Относительно его внешности могу лишь высказать, разумеется, субъективное суждение.
Будь я кинорежиссером и доведись мне ставить фильм о человеке, идущем за нартами к полюсу, или о капитане героической подводной лодки, или о человеке, возглавившем штурм Эвереста… Наконец, если бы я ставил фильм о летчиках-испытателях, без колебаний попросил бы Георгия Михайловича сняться в роли моего героя.
Широкоплечий, коренастый Шиянов вот уже лет сорок пять, по крайней мере, сохраняет великолепную спортивную форму боксера полутяжелого веса. К тому же он горнолыжник и альпинист. Спорт вообще не только его занятие — это его вторая страсть. Он даже искренне возмущается, когда устроители телекабачка '13 стульев' показывают 'пана спортсмена' этаким… не гигантом мысли.
И лицо у Георгия Михайловича скорей широкое, с мужественными, резко выраженными чертами, с энергично выдвинутым вперед подбородком — словом, внешность этого закаленного, сильного человека вполне соответствует моему представлению о джек-лондоновском герое, возникшему с юношеских лет.
Так в чем же дело?
Мне трудно назвать другого летчика, который поднял бы в воздух столько опытных и экспериментальных самолетов. Тридцать три оригинальные новые машины с первого полета испытал Шиянов!
Что же касается аэропланов, на которых он за сорок лет летной работы проводил те или иные тематические испытания, — так этих самолетов более двухсот, и проще было бы назвать те, на которых он не летал, но и этого сделать не берусь, поскольку не вдруг вспомнишь, какие это были самолеты.
Так, перебирая многие доводы, я прихожу к выводу, что Георгию Михайловичу для большей известности недоставало, как у нас говорят, 'кошмарных воздушных приключений'.
И в самом деле, Шиянову никогда не приходилось выбрасываться из развалившихся или горящих самолетов, никогда он не терпел бедствия при вынужденной посадке где-нибудь в тайге, в пустыне, никому и никогда не приходилось его разыскивать, спасать, вытаскивать из-под обломков после тяжелой аварии. Более того, за всю свою удивительную летную жизнь он умудрился не иметь существенных поломок. И это — шутка сказать! — при десятках тысяч сложнейших испытательных полетов!
Летчик-испытатель Г. М. Шиянов.
Один наш коллега, столь же обаятельный, как и честолюбивый, вечно терзался жаждой эффектных приключений, но не имел их. Он говорил: 'Не только мне не идет карта!
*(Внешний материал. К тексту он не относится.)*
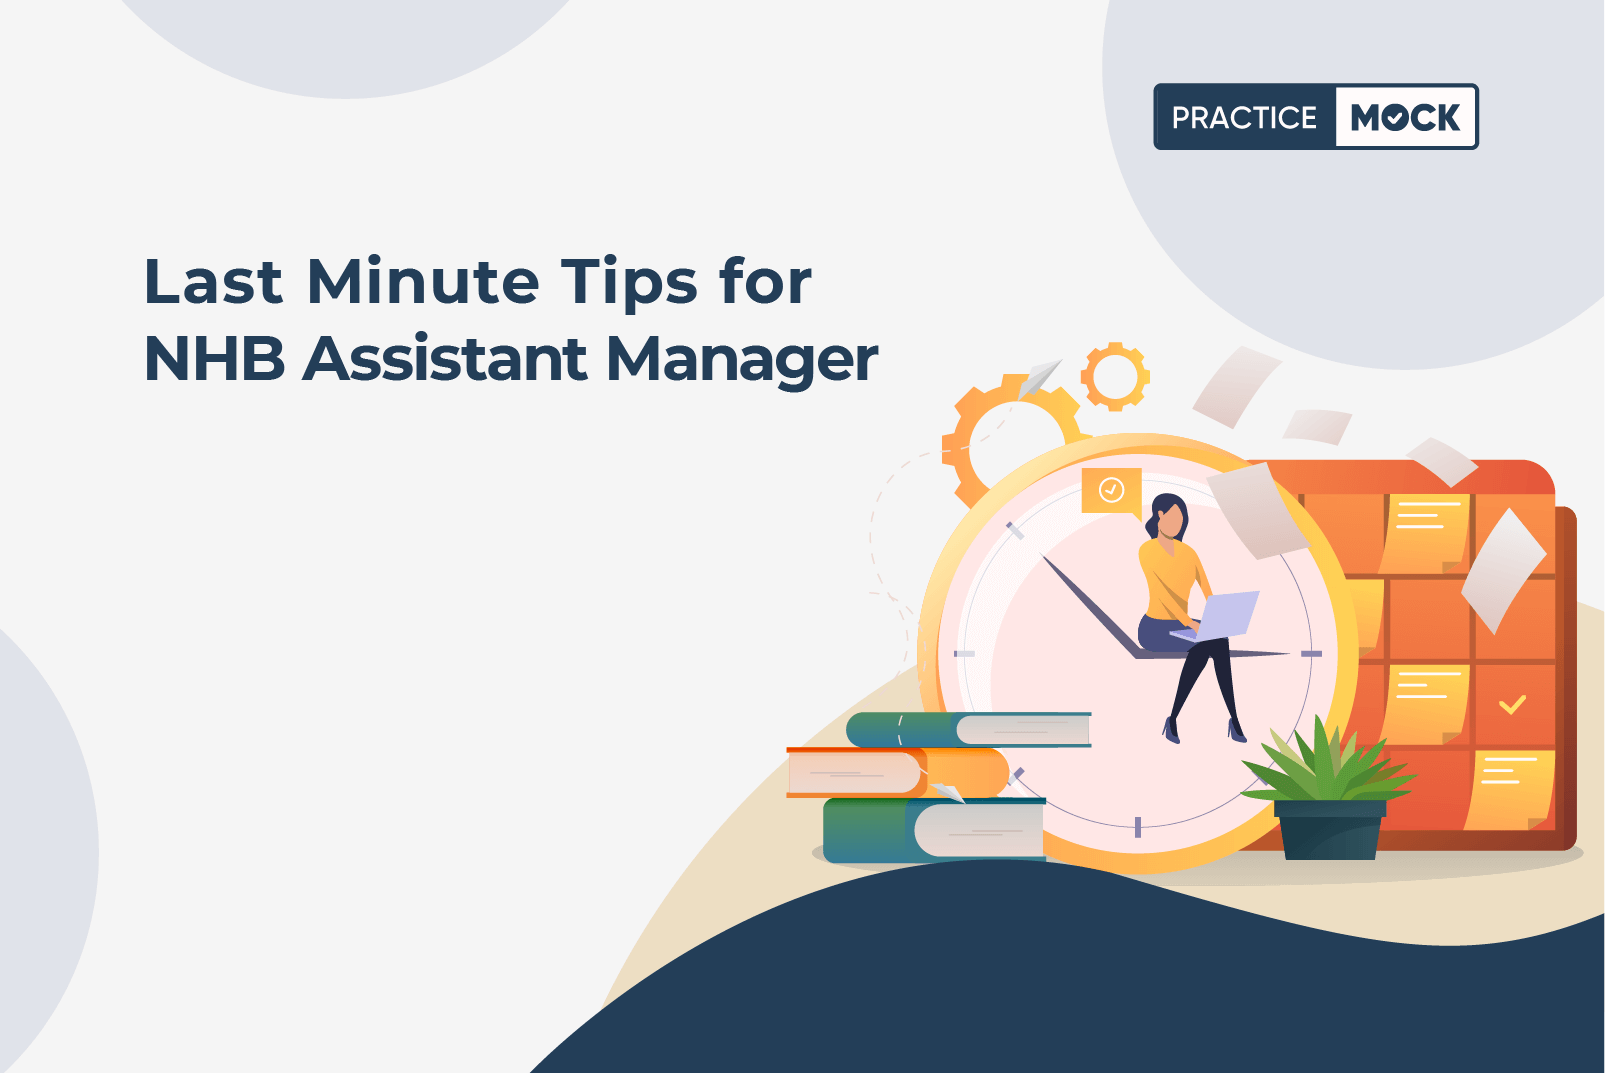 Last Minute Tips for NHB Assistant Manager
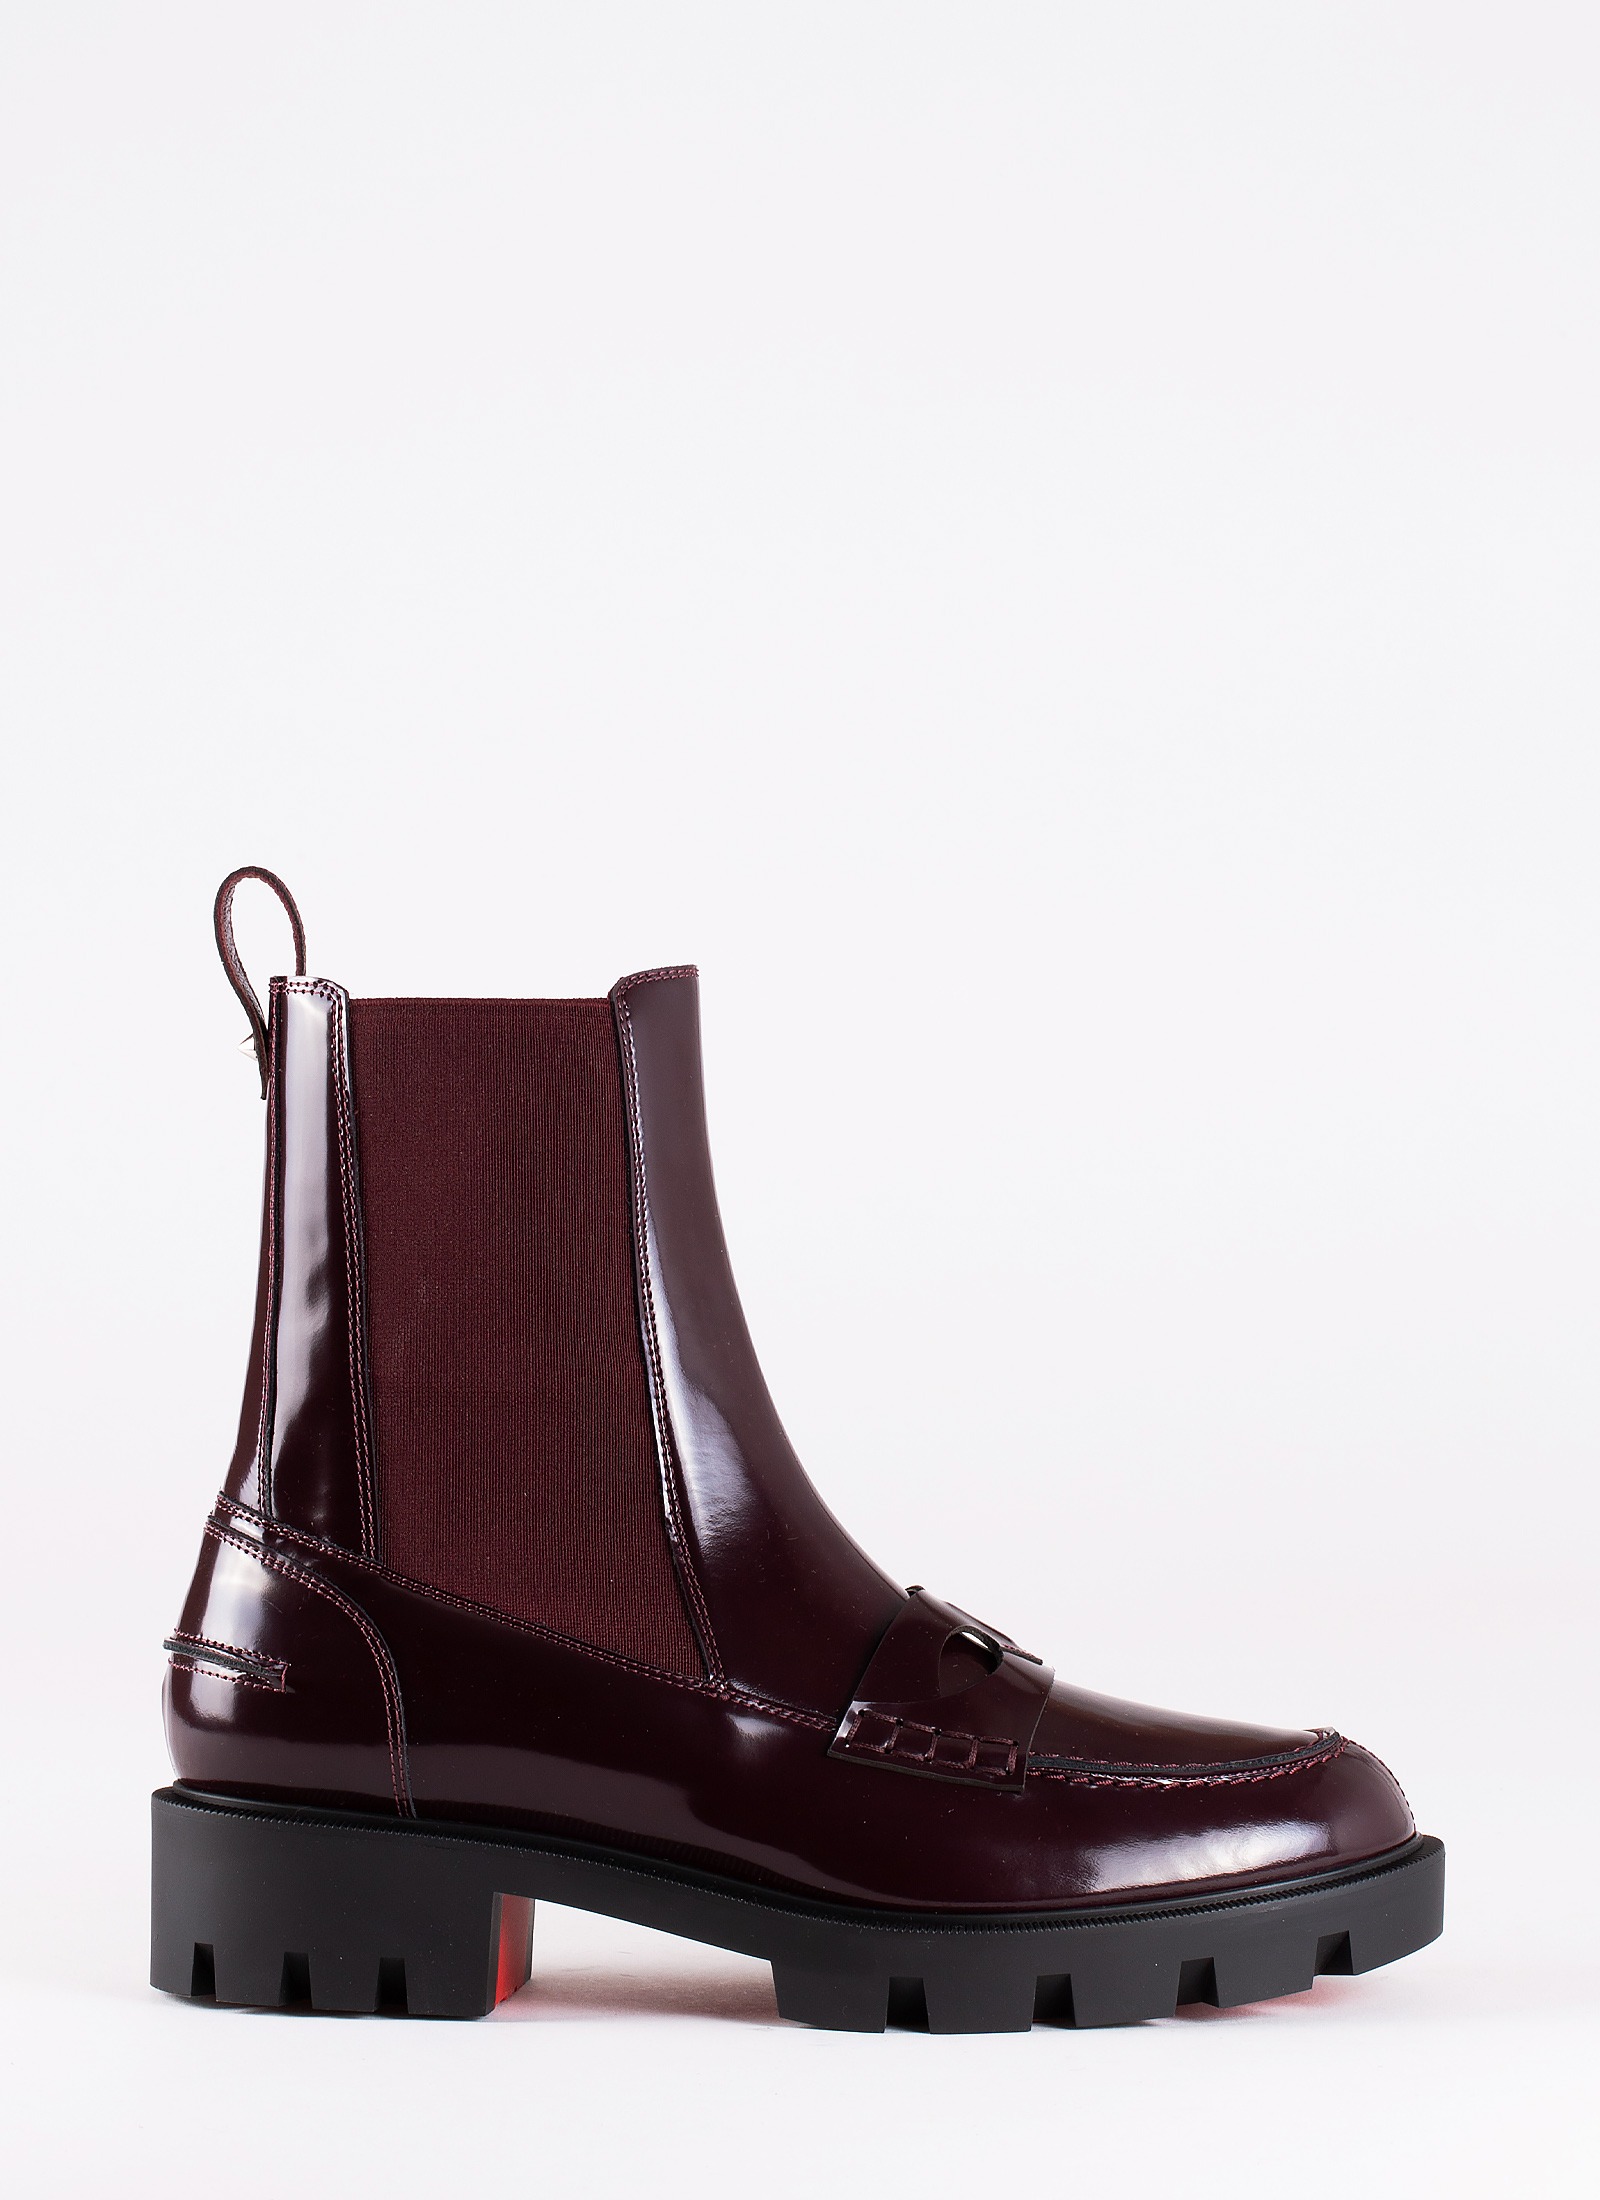 LEATHER CHELSEA BOOTS - CHRISTIAN LOUBOUTIN

Вот и Юрке Шиянову не везет!'
Это говорилось в том плане, что ни одному из них не удается угодить в этакое кошмарное аварийное состояние, что судьба к ним так несправедлива — будто не замечает их!.. Не посылает случая, где можно было бы проявить достойный героизм!
Весьма оригинальная концепция! Но мы не будем ее придерживаться. Скажем лучше по поводу безаварийной работы Юры — так Шиянова именуют друзья: он родился, как видно, в рубашке.
Да, несомненно, ему везло. В работе летчика-испытателя везенье-невезенье — категории, существующие вполне реально. Я мог бы привести сотни примеров, когда летчику чертовски везло и он выкручивался из положения, где, казалось, обстановка была из рук вон плоха. И в то же время, говоря о Шиянове, прежде всего я хочу сказать, что везло ему по большей части из-за редкого мастерства и замечательного летного опыта.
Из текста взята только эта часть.